As an extension into ongoing research into online diversity, colleagues and i are exploring potential large scale sources of queryable web corpora that may give insights into long-term patterns of the evolving web.
A colleague recommended HTTP Archive as one potential avenue to explore as it contains a relatively large archive sample of popular websites and is queryable via BigQuery so may be usable for statistical analysis. My understanding is there is a few hundred thousand popular websites that have been indexed in snapshots over a number of years and that sample has expanded dramatically in recent couple of years.
We are interested in harvesting all the outbound links (links to other websites) from within each website at different points in time.
As newbies to BigQuery and HTTP Archive we would really welcome any advice, tips or examples as to what queries may yield links (or counts of unique URLs and unique domain counts they sit within) at different points in time.
2 Likes
My understanding is there is a few hundred thousand popular websites that have been indexed in snapshots over a number of years and that sample has expanded dramatically in recent couple of years.
That’s correct. We’re up to about 6-7M URLs monthly now.
We are interested in harvesting all the outbound links (links to other websites) from within each website at different points in time.
As newbies to BigQuery and HTTP Archive we would really welcome any advice, tips or examples as to what queries may yield links (or counts of unique URLs and unique domain counts they sit within) at different points in time.
There are two approaches that I can think of: using regexp to parse <a href=...
from the HTML response bodies, and writing a custom metric to query the DOM for a[href]
.
Parsing HTML with regular expressions
Pros:
- can be applied to 4 years of historical data
Cons:
- extremely expensive (one table is 14TB at $5/TB)

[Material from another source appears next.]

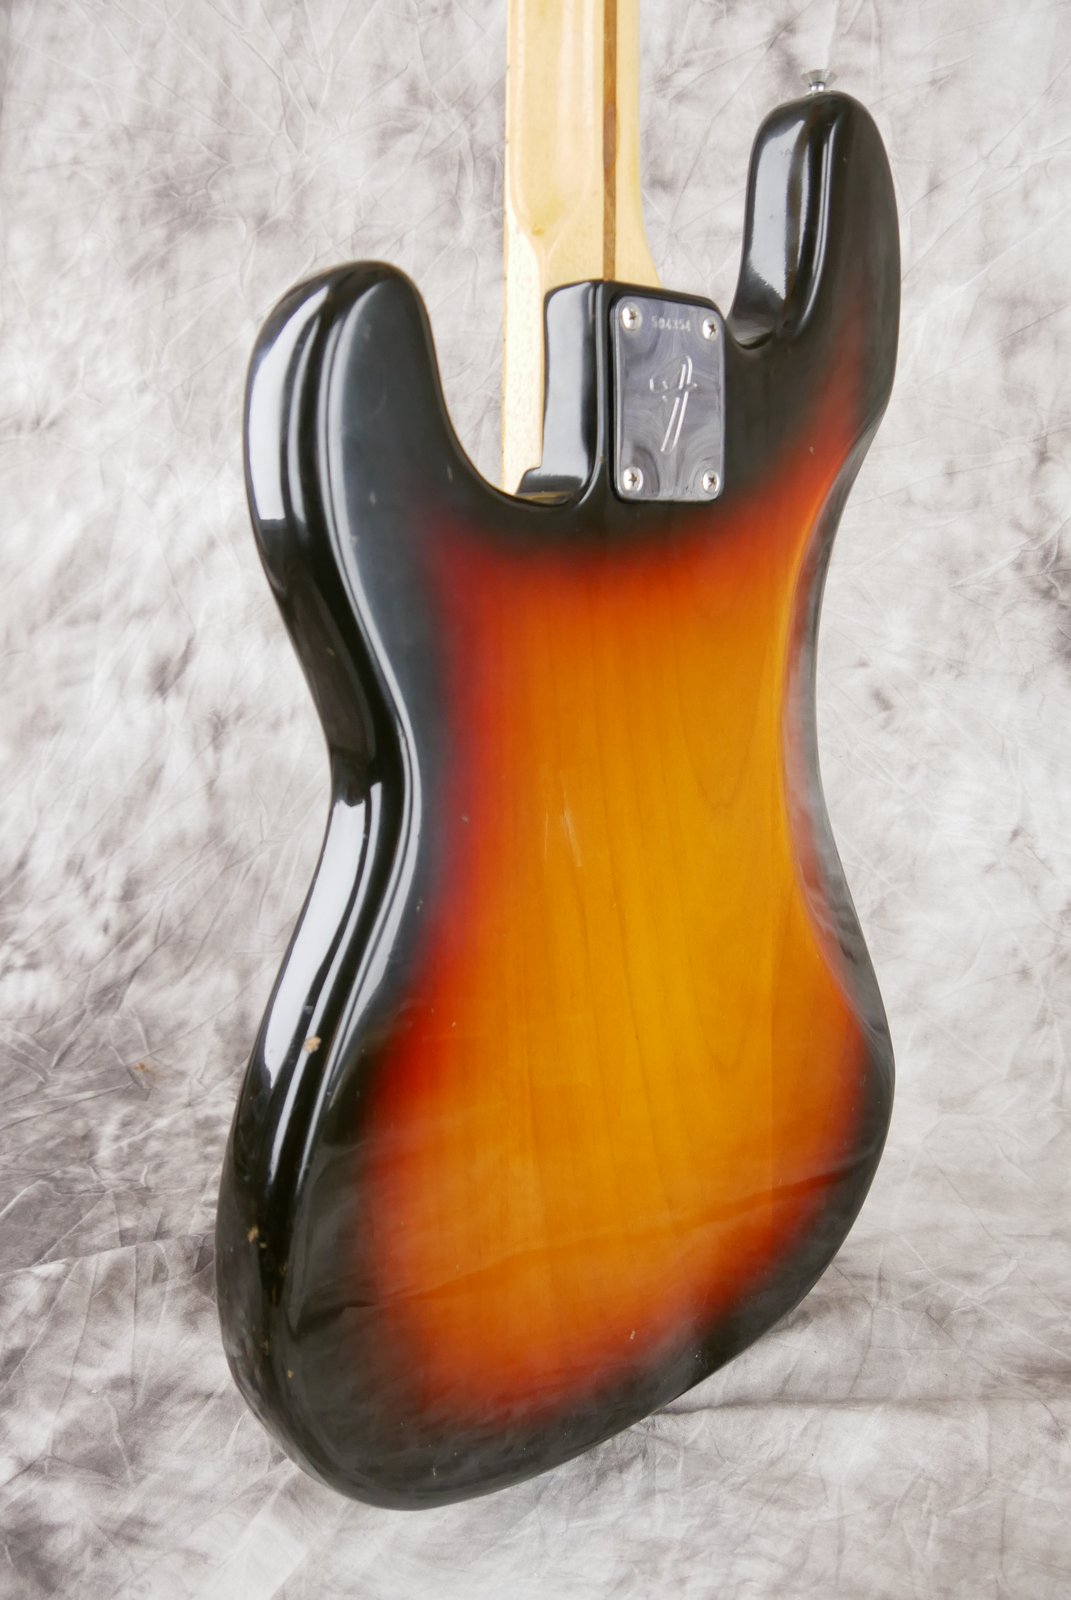 Fender-Precision-Bass-1974-sunburst-007.JPG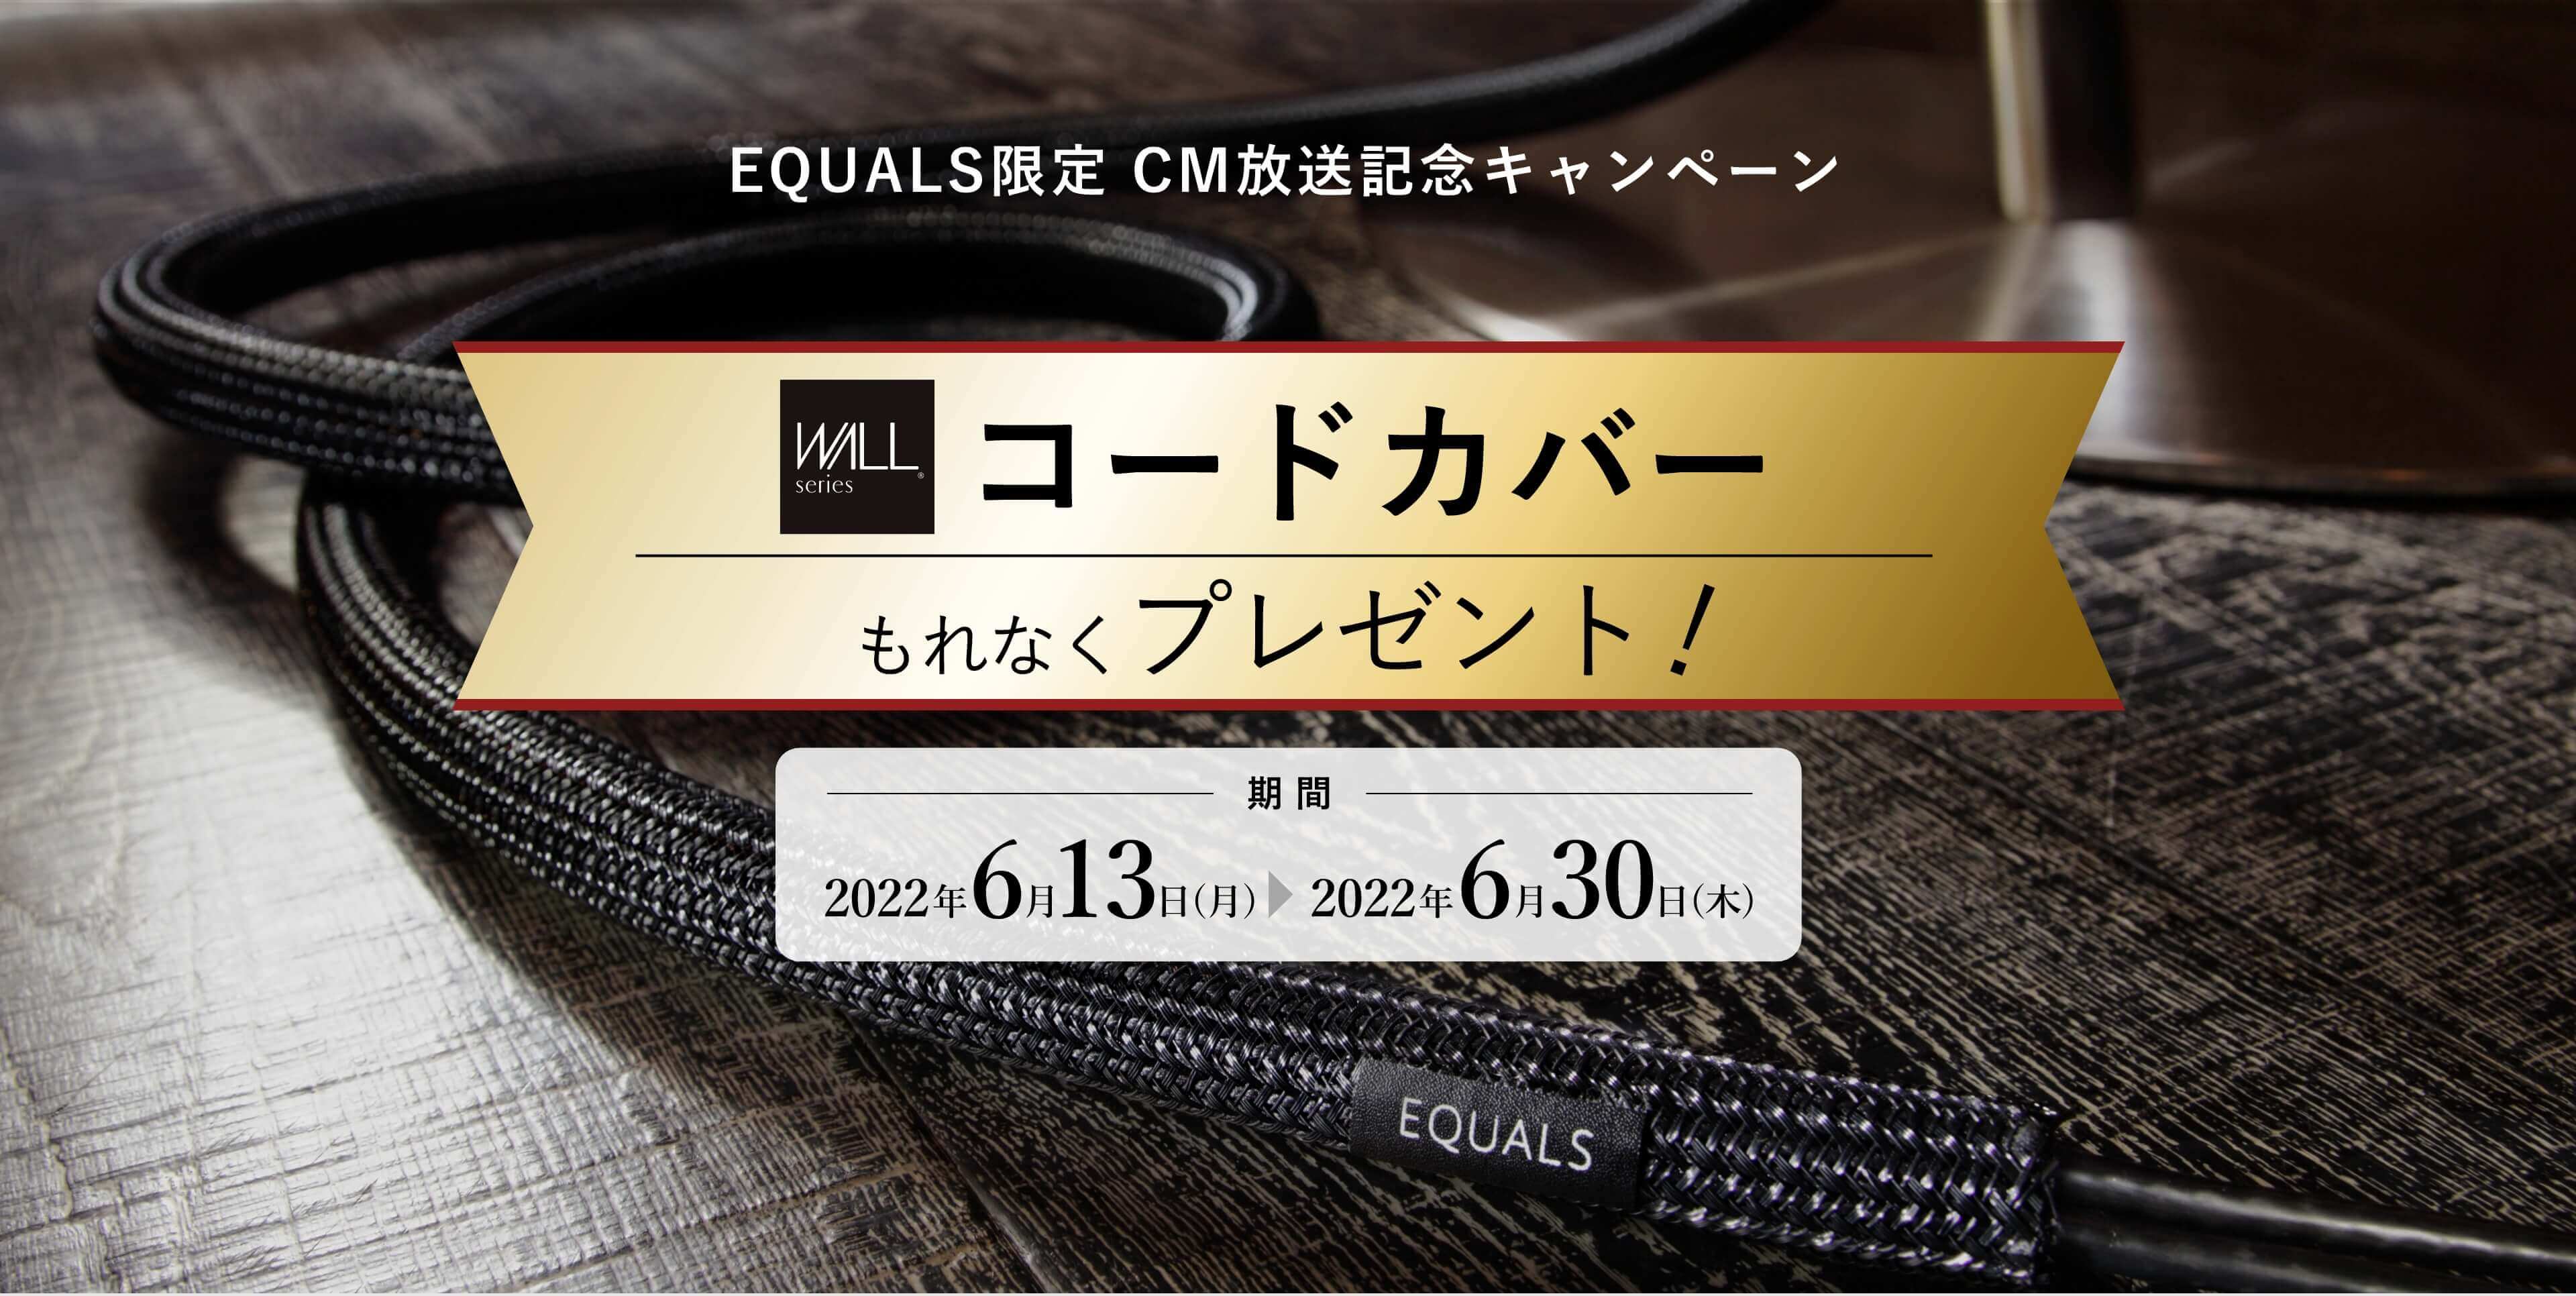 EQUALS限定 CM放送記念キャンペーンコードカバープレゼント

- regular expressions are much more brittle compared to querying the DOM
Querying the DOM with a custom metric
A custom metric is a snippet of JS that is executed at runtime while the web page is being tested. We can use native DOM APIs like querySelectorAll
to extract exactly what we want from the page. See img-loading-attr.js
for example:
return JSON.stringify(Array.from(document.querySelectorAll('img[loading]')).map(img => {
return img.getAttribute('loading').toLowerCase();
}));
The team researching the SEO chapter of the 2020 Web Almanac has also implemented some link-related custom metrics, but they aggregate stats based on metadata like number of internal/external links and not necessarily the external domains themselves.
Pros:
- highly accurate and reliable
- less expensive to query
Cons:
- inapplicable to historical data
Similar to Analyzing stylesheets with a JS-based parser, I’ve been dreaming of a third option, which would be to post-process the HTML response bodies with some kind of JS-based DOM parser. It’s only theoretical now and would still require a big upfront expense to query and process the HTML.
1 Like
That’s awesome Rick - thank you!
Sounds like option one is best as it’s the full-monty time-series.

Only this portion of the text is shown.